Странная суета, царившая в монастыре, и звон всех колоколов навели меня на мысль, что грядет какая-то важная церемония. Я взглянул на календарь и, не обнаружив никакого религиозного праздника, решил, что от истощения я потерял счет времени и не могу определить, какой сегодня день. Я тихонько пробрался на свое место в церкви; никто не обратил на меня ни малейшего внимания. Монахи и послушники, чем-то озабоченные, погрузились, казалось, в глубокую задумчивость. Церковь была украшена, как в дни больших праздников. Началась служба. Меня удивило отсутствие настоятеля; я осведомился о его здоровье у соседа.
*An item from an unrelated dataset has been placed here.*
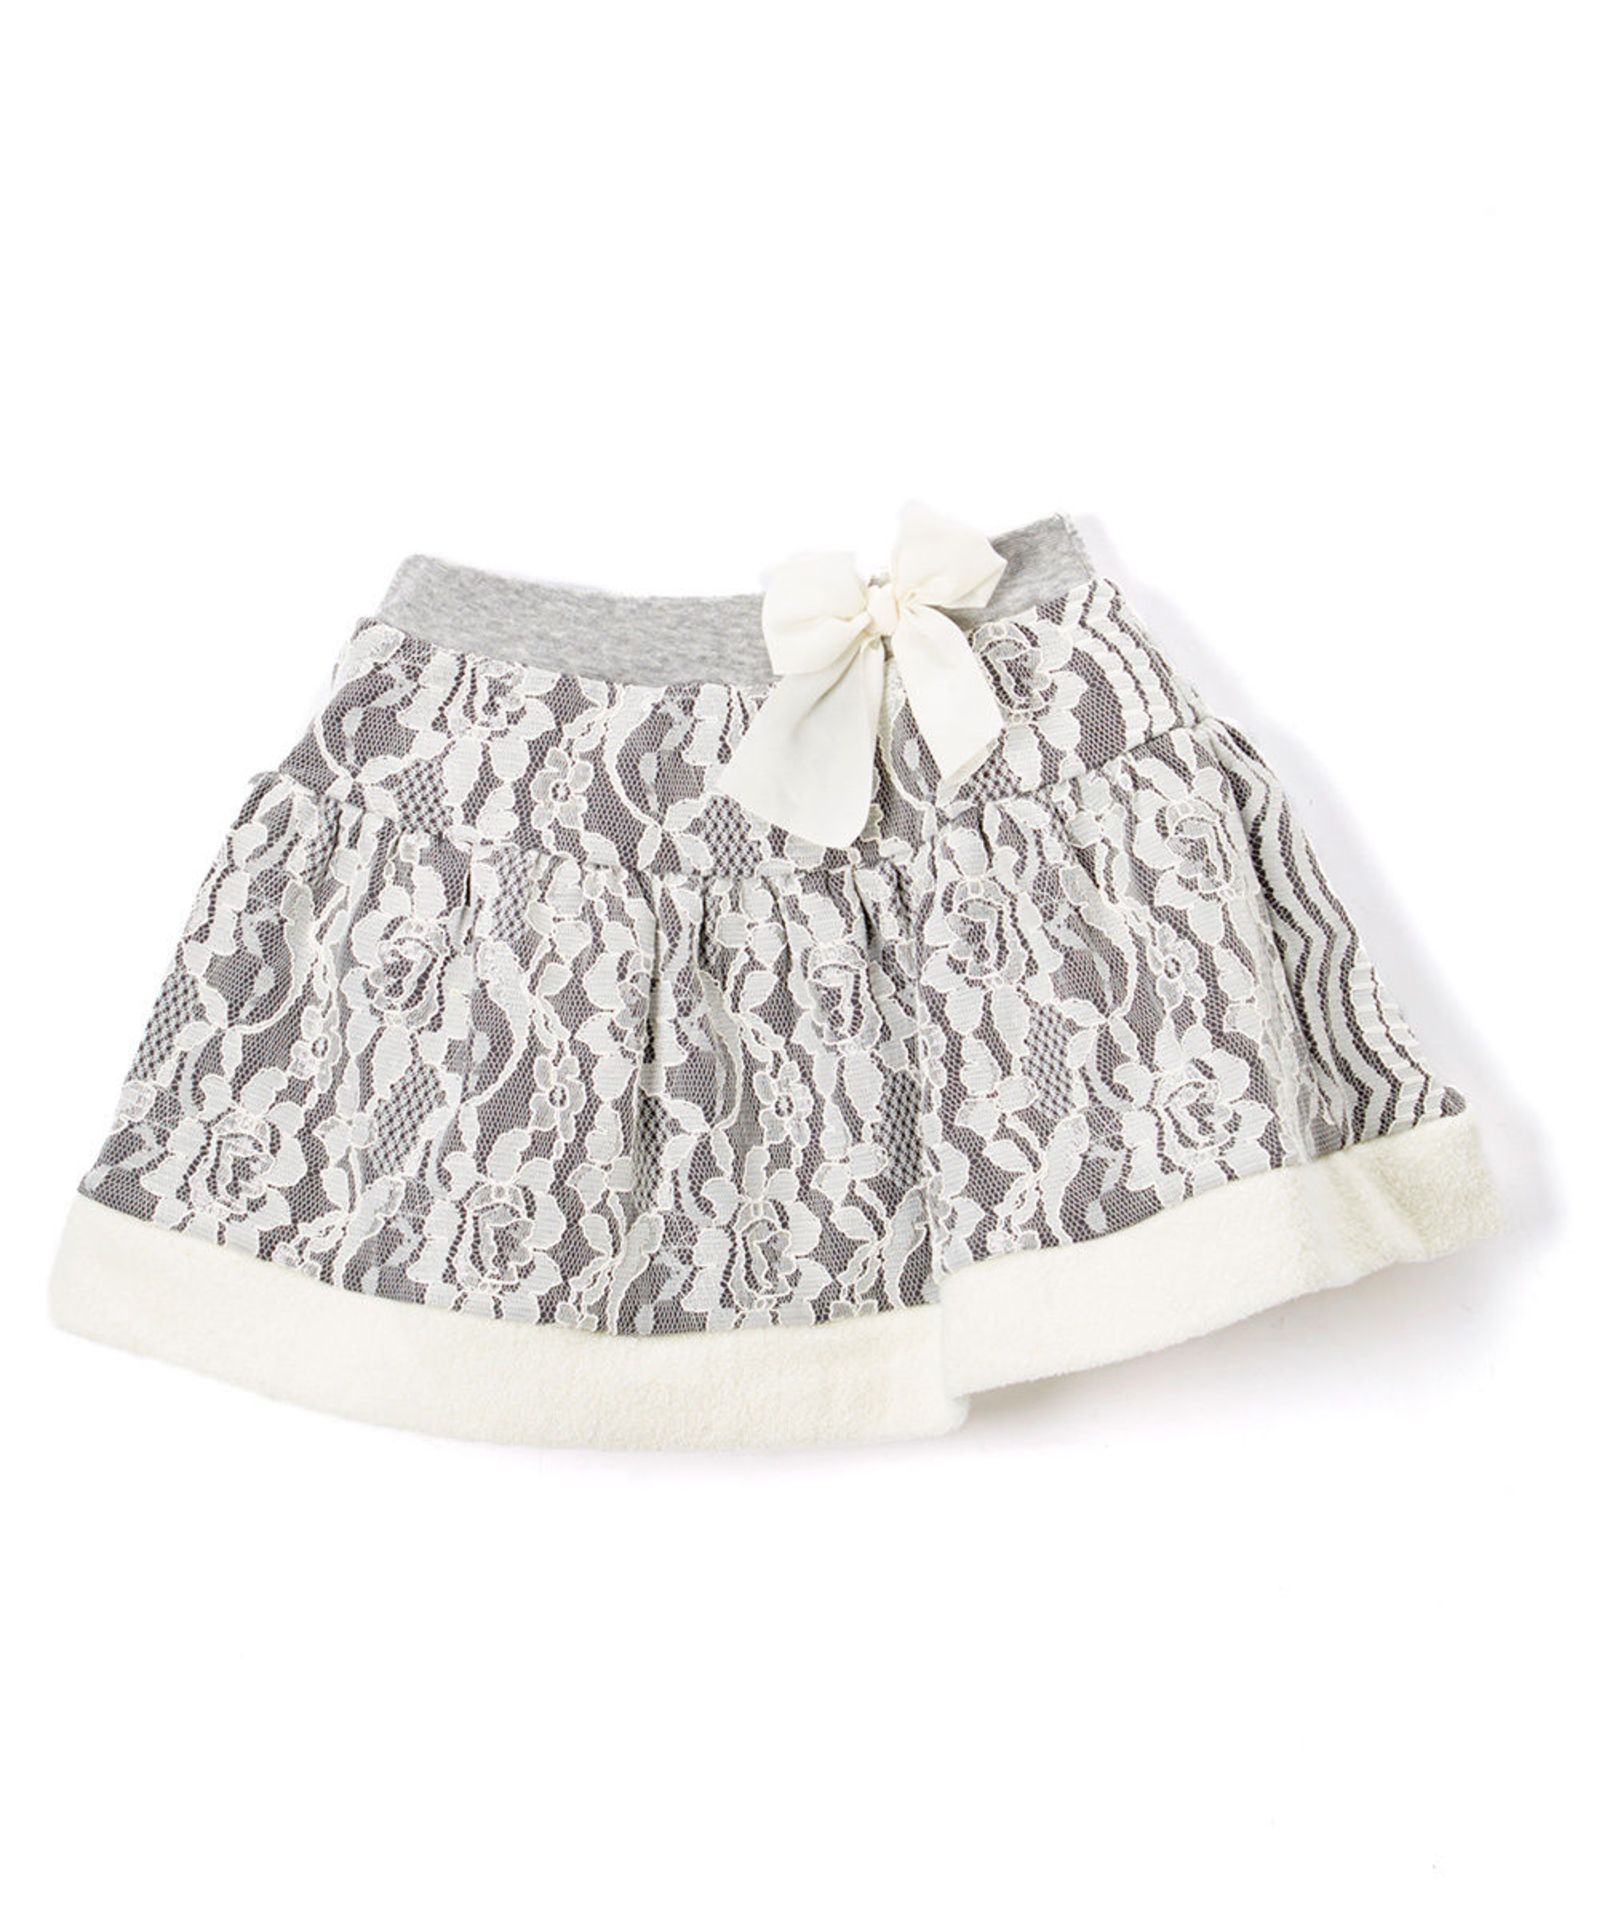 Frills Du Jour, Gray Lace Bow-Accent Circle Skirt - Girls, Size 4 Years (New With Tags) [Ref:

Тот взглянул на меня с изумлением, принужденно улыбнулся, как если бы он не расслышал вопроса, и ничего не ответил. Я поискал глазами отца Донасьена, который, как мне было известно, ненавидел меня сильнее всех и которого я считал виновником моего пленения. Я заметил, что он тщетно пытается рассмотреть мое лицо, укрытое капюшоном, и убедился, что на его лице написаны удивление и страх: он явно не ожидал увидеть меня в церкви и, по-видимому, задавался вопросом, не призрак ли занимает мое место.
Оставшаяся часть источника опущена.